The two eventually grew so disgusted with Paracelsus’ treatment of Alice that they decided to remove her from the situation. Together, the three of them finally left Paracelsus’ mansion, finding an apartment in Port Cullis’ poorer district. They asked Melanie to join them, but since Paracelsus had already begun his fifth attempt, she elected to stay and take care of their newest sibling. Fiona visited occasionally, usually to warn Paracelsus to not treat any future children as he had Alice.

With no income, Fiona and her sisters were in danger of starving. Fiona found a job working at a tavern, but she did not stay there long as a passing group of adventurers noticed her large size and recruited her into their party. With that, Fiona joined the Guild and began her career as a warrior. She found that she loved fighting and was a natural at learning the different techniques of swordplay. However, her habit of hesitating in the heat of battle earned her a reputation as a coward and she frequently was moved from team to team, never quite finding one that fit.

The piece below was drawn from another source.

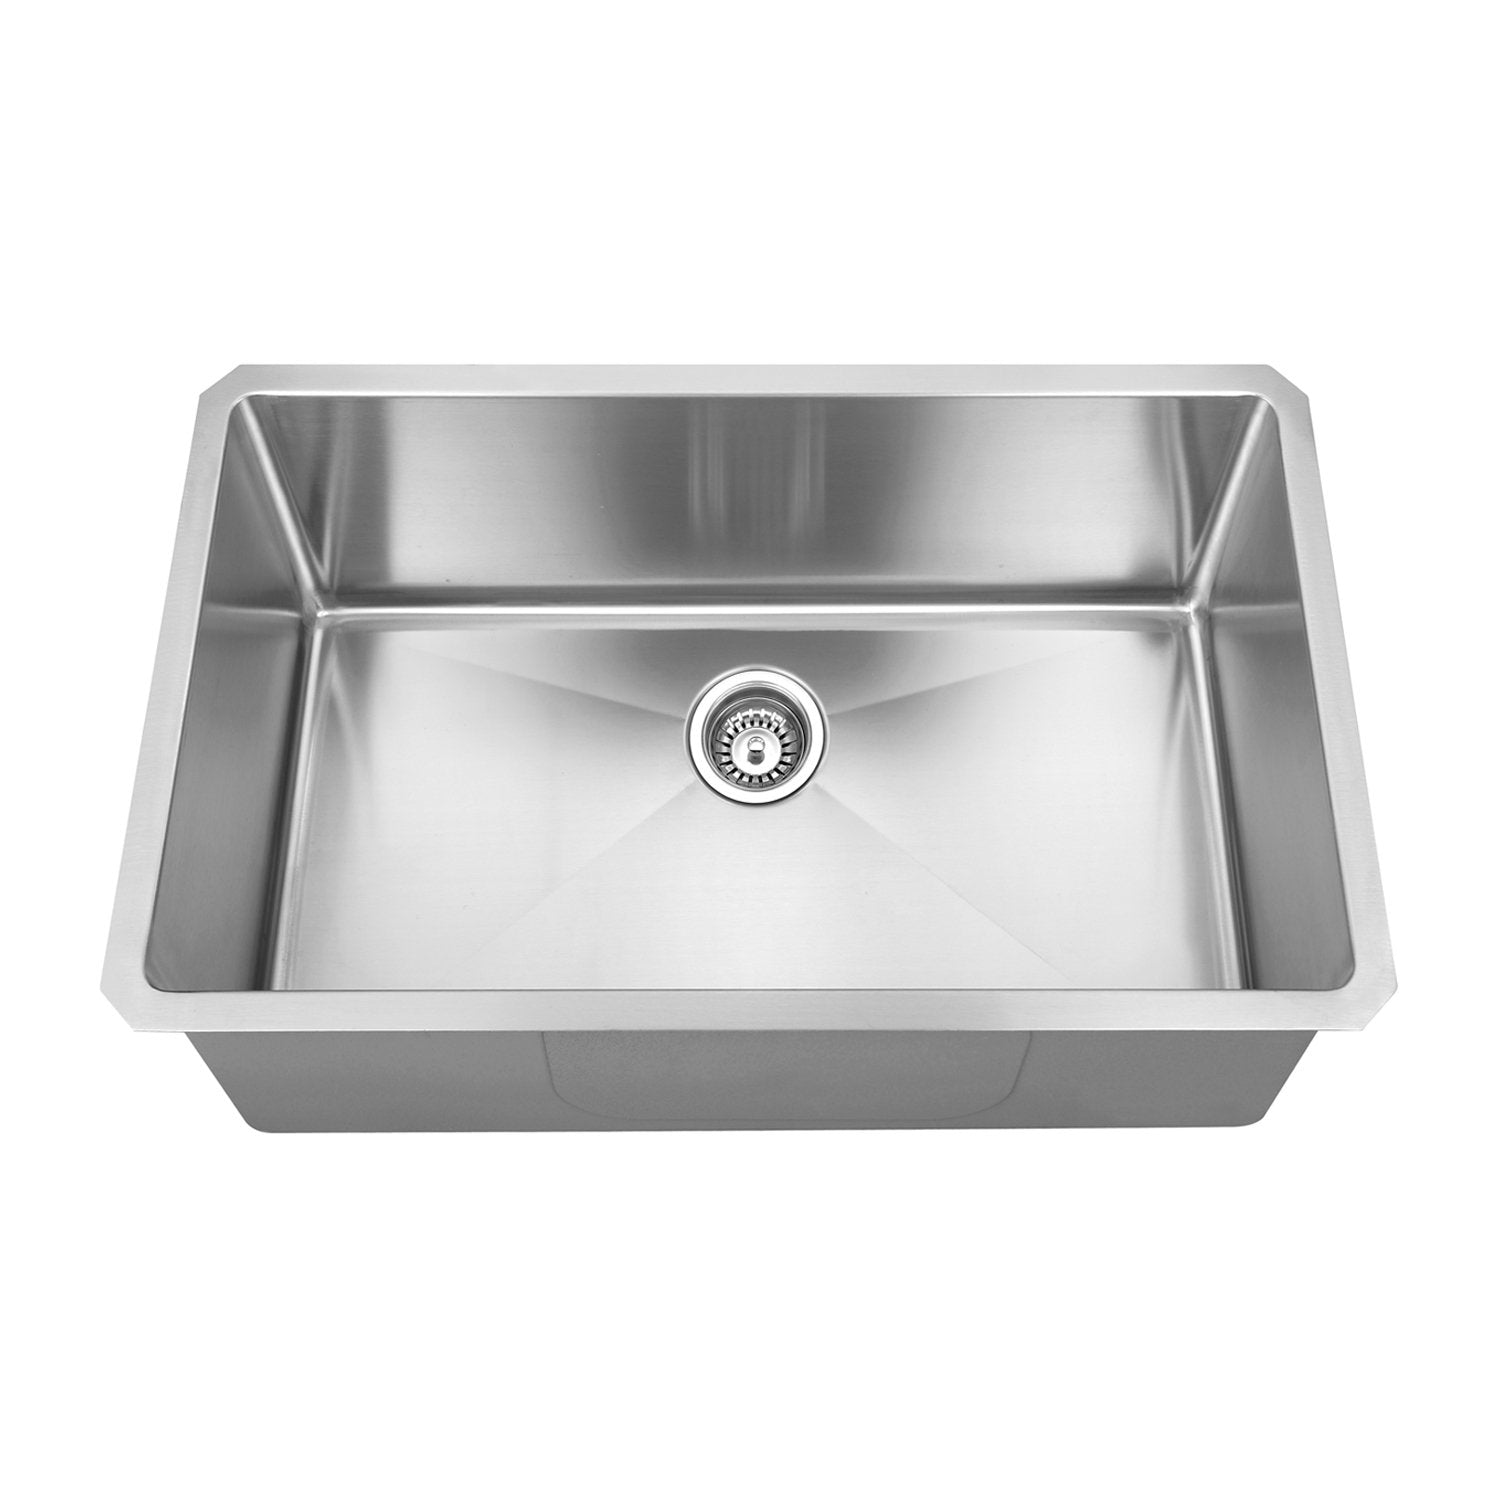 DAX Handmade R10 Single Bowl Undermount Kitchen Sink, 18 Gauge Stainless Steel, Brushed Finish, 29 x 18 x 10 Inches (KA-2818R10)

Since Fiona’s income was inconsistent, Abigail, too, was forced to find work for both herself and Alice; they eventually became sailors. Alice loved the ocean and, studying fish, she eventually developed gills and several other aquatic characteristics to improve her swimming. She also followed in her sisters’ footsteps and became a woman.

Fiona only met her youngest sister, Lillian, a few times before the girl disappeared into the woods. Even that, it seemed, was preferable to being a man to the children of Paracelsus.